Women dressed as gypsies wandered through the crowd doing the “gypsy sneak,” which my 2-year-old granddaughter enjoyed as peek-a-boo.

One individual at the faire was dressed in an elaborate, full-bodied, beautiful dragon costume, available for photos with those who passed. Another stood as still as a statue, only moving when someone dropped a coin in the tip basket at her feet.

Just about every hour, the “royal court” and others held a parade around the grounds, with bagpipes, drums and other music and general gaiety.

When the temperature rises, “misting stations” along the route make it possible to cool off a bit.

A petting zoo gives kids the chance to come face-to-face with animals used to sustain families of that long-gone era.

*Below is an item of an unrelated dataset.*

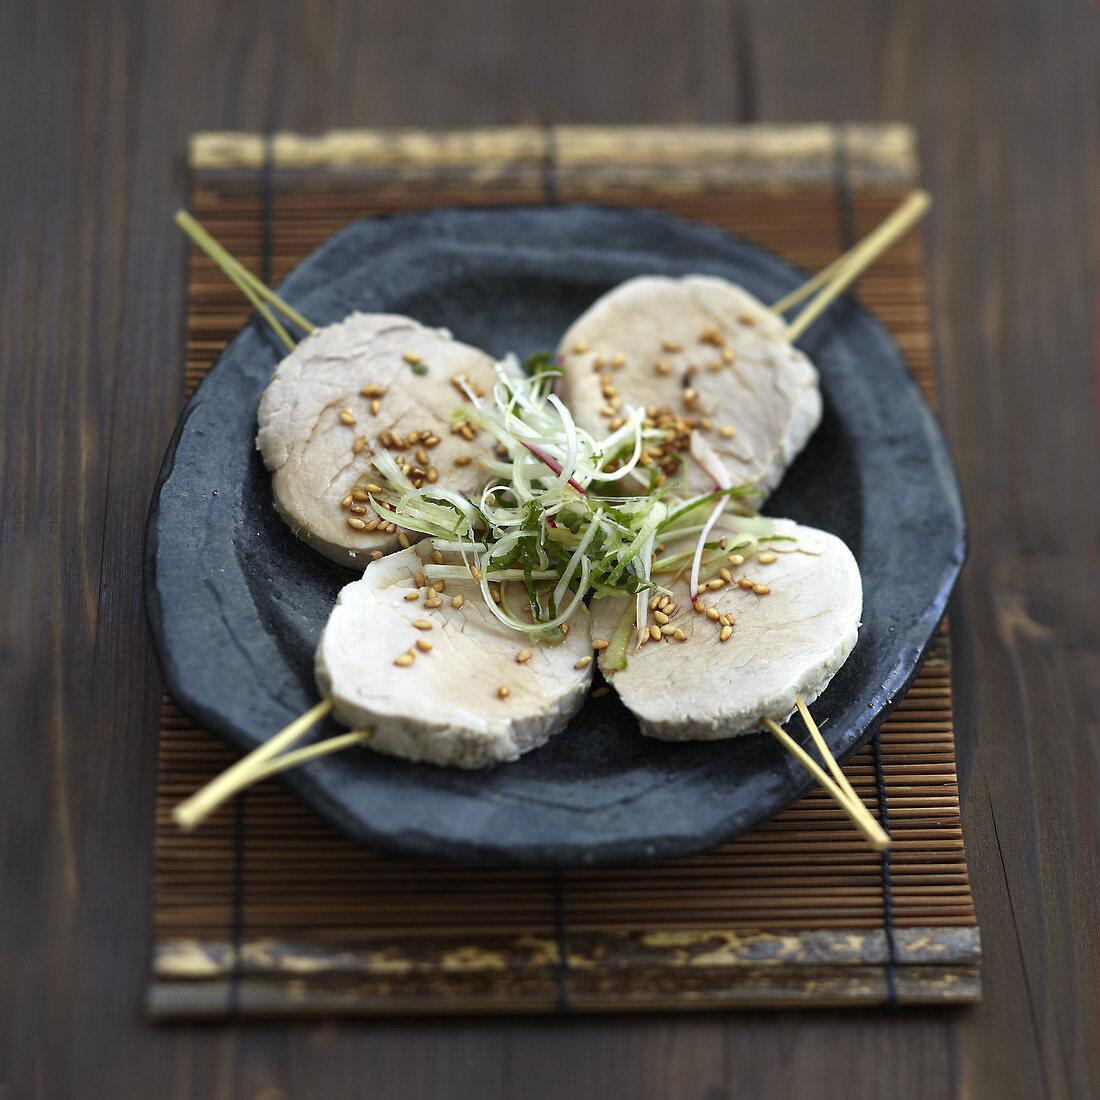 Yakitoris aus in Brühe gekochtem Schweinefleisch mit Sesamsauce

Older kids and adults can ride the elephants and camels.

The Mother’s Day brunch gave families a chance to enjoy a meal together, while the faire king and queen toasted mothers, and a woman playing a dulcimer provided a background of quaint music. The mothers also received carnations, which my granddaughter then claimed for her own.

It’s a chance for mediaeval enthusiasts to break out their British accents and use “thee” and “thou” and “thy” in their speech. It’s just good, plain fun, and for those who may not have ever attended one, it’s an incredible experience.

For me, it’s a bit of family tradition, and a chance to enjoy some history without giving up the amenities of the modern world.